Japanese BERT Base

Description

BERT (Bidirectional Encoder Representations from Transformers) provides dense vector representations for natural language by using a deep, pre-trained neural network with the Transformer architecture. It was originally published by

Jacob Devlin, Ming-Wei Chang, Kenton Lee, Kristina Toutanova: “BERT: Pre-training of Deep Bidirectional Transformers for Language Understanding”, 2018.

The weights of this model are those released by the original BERT authors. The models are trained on the Japanese version of Wikipedia. The training corpus is generated from the Wikipedia Cirrussearch dump file as of August 31, 2020.
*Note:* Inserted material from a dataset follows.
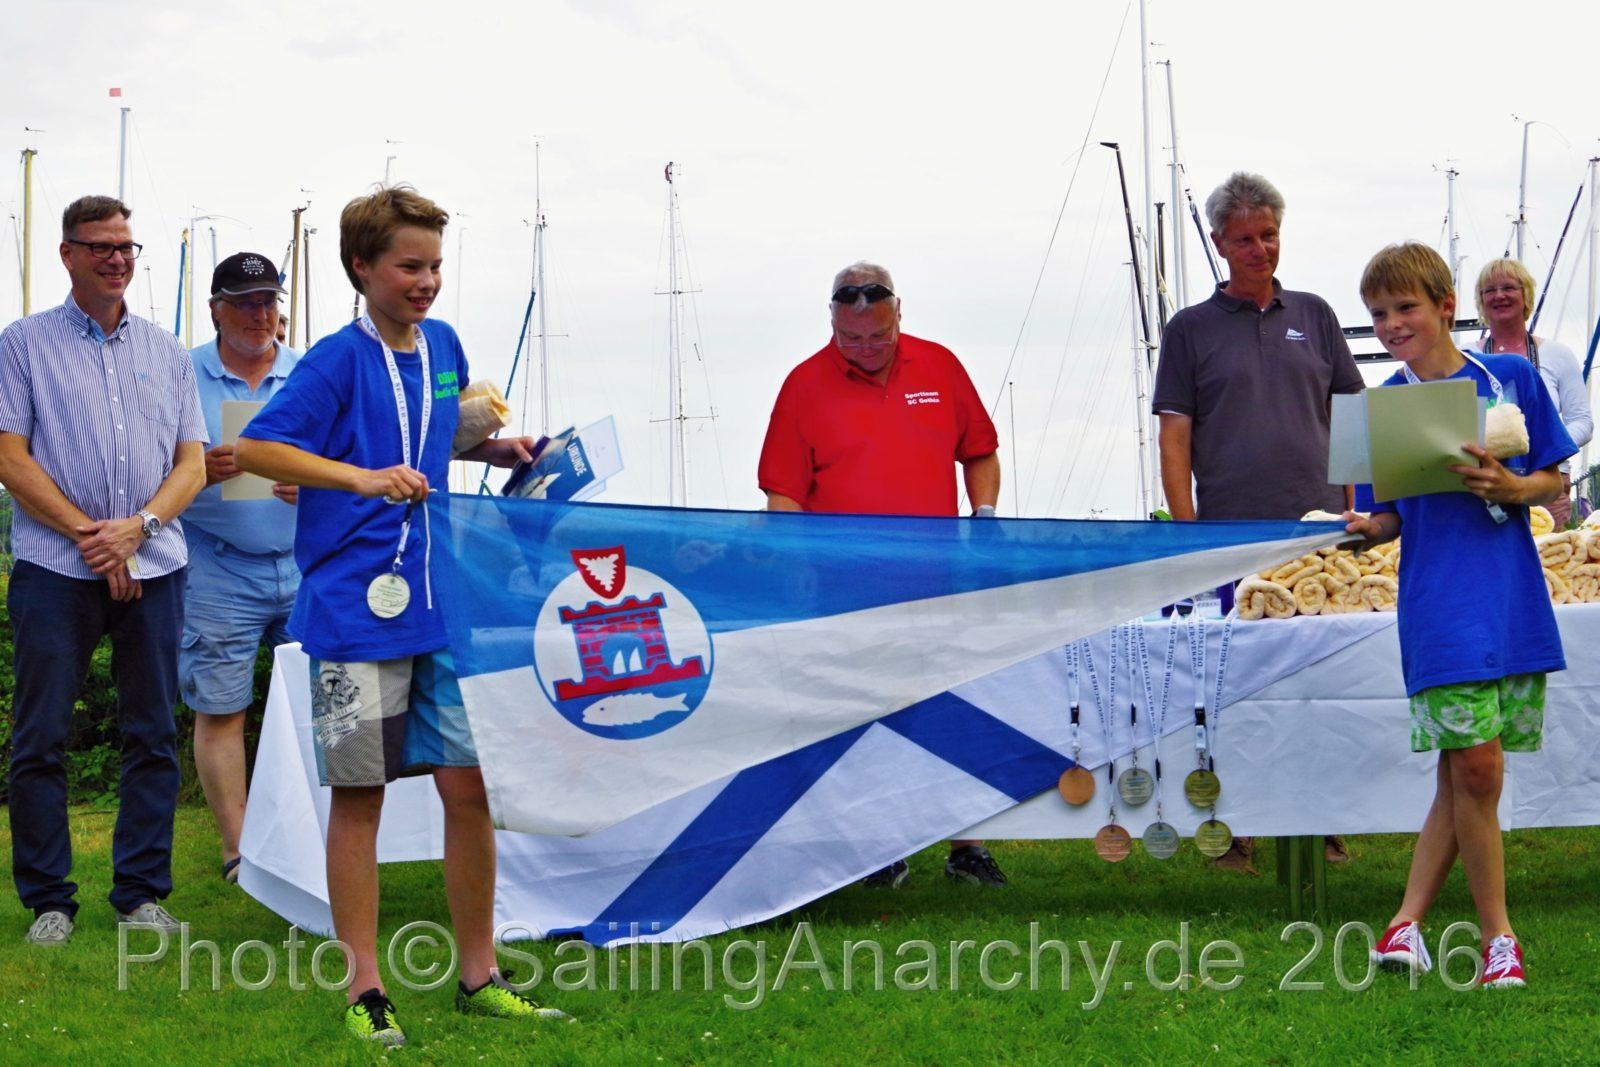 GER 718, Nik und Oke Mommensen – 1. Platz U14 Wertung - IDJüM 2016 im Teeny im SC Gothia e.V. in Berlin Spandau, 29. Juli 2016

The generated corpus files are 4.0GB in total, consisting of approximately 30M sentences.

Predicted Entities

Download Copy S3 URI

How to use

embeddings = BertEmbeddings.pretrained("bert_base_japanese", "ja") \
    .setInputCols("sentence", "token") \
    .setOutputCol("embeddings")
nlp_pipeline = Pipeline(stages=[document_assembler, sentence_detector, tokenizer, embeddings])
val embeddings = BertEmbeddings.pretrained("bert_base_japanese", "ja")
  .setInputCols("sentence", "token")
  .setOutputCol("embeddings")
val pipeline = new Pipeline().setStages(Array(document_assembler, sentence_detector, tokenizer, embeddings))

Model Information

Model Name: bert_base_japanese
Compatibility: Spark NLP 3.2.2+
License: Open Source
Edition: Official
Input Labels: [sentence, token]
Output Labels: [bert]
Language: ja
Case sensitive: true

Data Source

The models are trained on the Japanese version of Wikipedia. The training corpus is generated from the Wikipedia Cirrussearch dump file as of August 31, 2020.

The generated corpus files are 4.0GB in total, consisting of approximately 30M sentences.

https://github.com/cl-tohoku/bert-japanese